Soest - Der Landschaftsverband Westfalen-Lippe (LWL) nimmt ab dem kommenden Jahr wieder die finanzielle Förderung der Jugendbauhütte in Soest auf. Damit wird der Fortbestand dieser Institution gesichert.

Grundlage des Beschlusses war ein Antrag der Fraktion „Die Linke“ im LWL. Roland Koslowski, Mitglied der Fraktion im Landesjugendhilfeausschuss, freut sich: „Dass der LWL aufgrund unseres Antrags – wenn auch mit einem Jahr Verspätung – jetzt die Förderung der Jugendbauhütte wieder aufnimmt, ist ein großer Erfolg für die Jugendbauhütte in Soest. 

Im LWL herrscht zurzeit eine unsägliche Kürzungspolitik der Mehrheitsfraktionen von CDU und SPD vor. Wir freuen uns, dass wir die Förderung der sinnstiftenden Arbeit der Jugendbauhütte dennoch durchsetzen konnten.“ Werner Sell, Mitglied im Umwelt- und Bauausschuss des LWL, ergänzt: „Die Jugendbauhütte in Soest überzeugt dadurch, dass sie junge Menschen an die praktische Denkmalpflege heranführt. 

Die FSJler lernen alte Kulturtechniken des Bauwesens und können dadurch auch in der Erhaltung von Denkmälern sowie in der Archäologie der Gesellschaft gute Dienste leisten. Warum die Mehrheitsfraktionen und die Verwaltung allerdings ein Jahr Bedenkzeit für unseren Haushaltsantrag benötigt haben, leuchtet mir nicht ein.“ Die „ijgd Jugendbauhütte NRW Westfalen“ in Soest ist ein Projekt, das junge Menschen im Rahmen des Freiwilligen Sozialen Jahres (FSJ) an die praktische Denkmalpflege heranführt. 

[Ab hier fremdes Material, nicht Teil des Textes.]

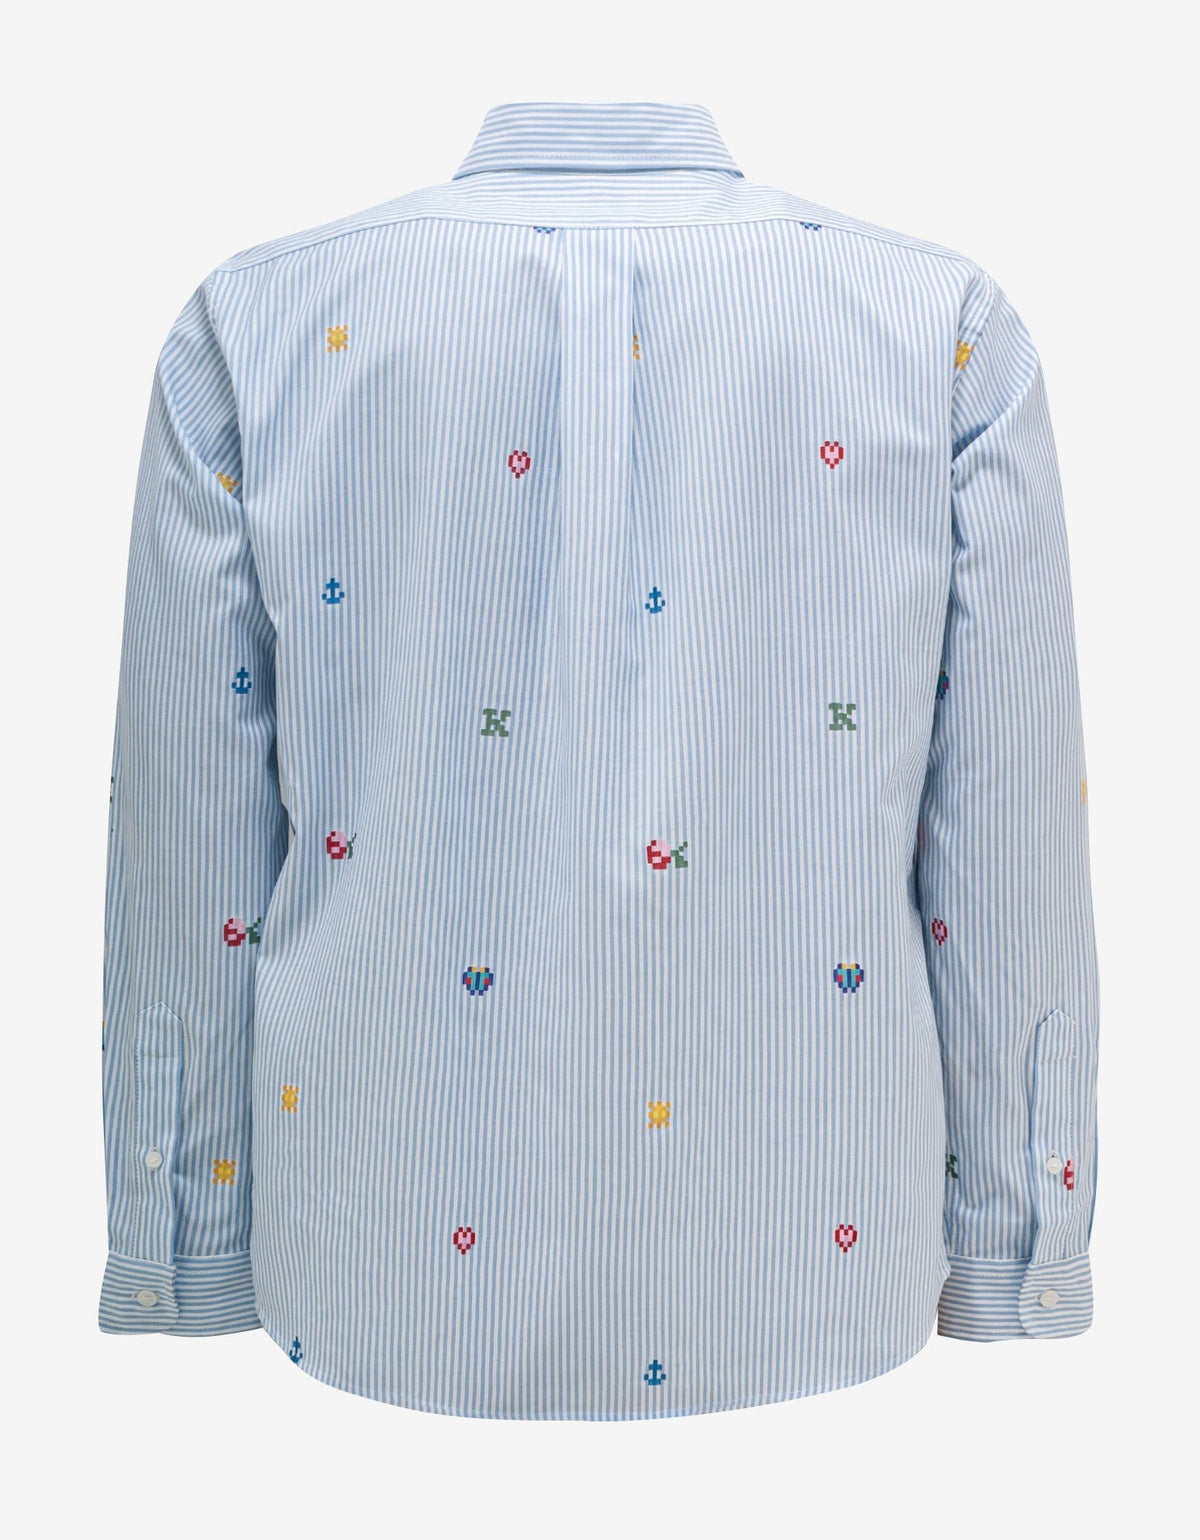 Kenzo Blue 'Kenzo Pixel' Striped Shirt

In der Vergangenheit wurde die Jugendbauhütte durch einen Zuschuss des LWL unterstützt. Im Rahmen von Kürzungen wurde dieser Zuschuss jedoch im Jahr 2013 gestrichen, was die Fortsetzung der Arbeit der Jugendbauhütte in Frage stellte. Nach einem Besuch, bei der sie sich über die gute Arbeit der Jugendbauhütte informierte, stellte „Die Linke“ im Oktober 2015 einen Haushaltsantrag, dass die Förderung in Höhe von 50 000 Euro durch den LWL wieder aufgenommen wird. 

Im Jahr 2016 konnte die Jugendbauhütte nur deshalb fortexistieren, weil weniger junge Menschen teilnehmen durften und die Deutsche Stiftung Denkmalschutz mit einer einmaligen Zahlung das Defizit ausgeglichen hatte.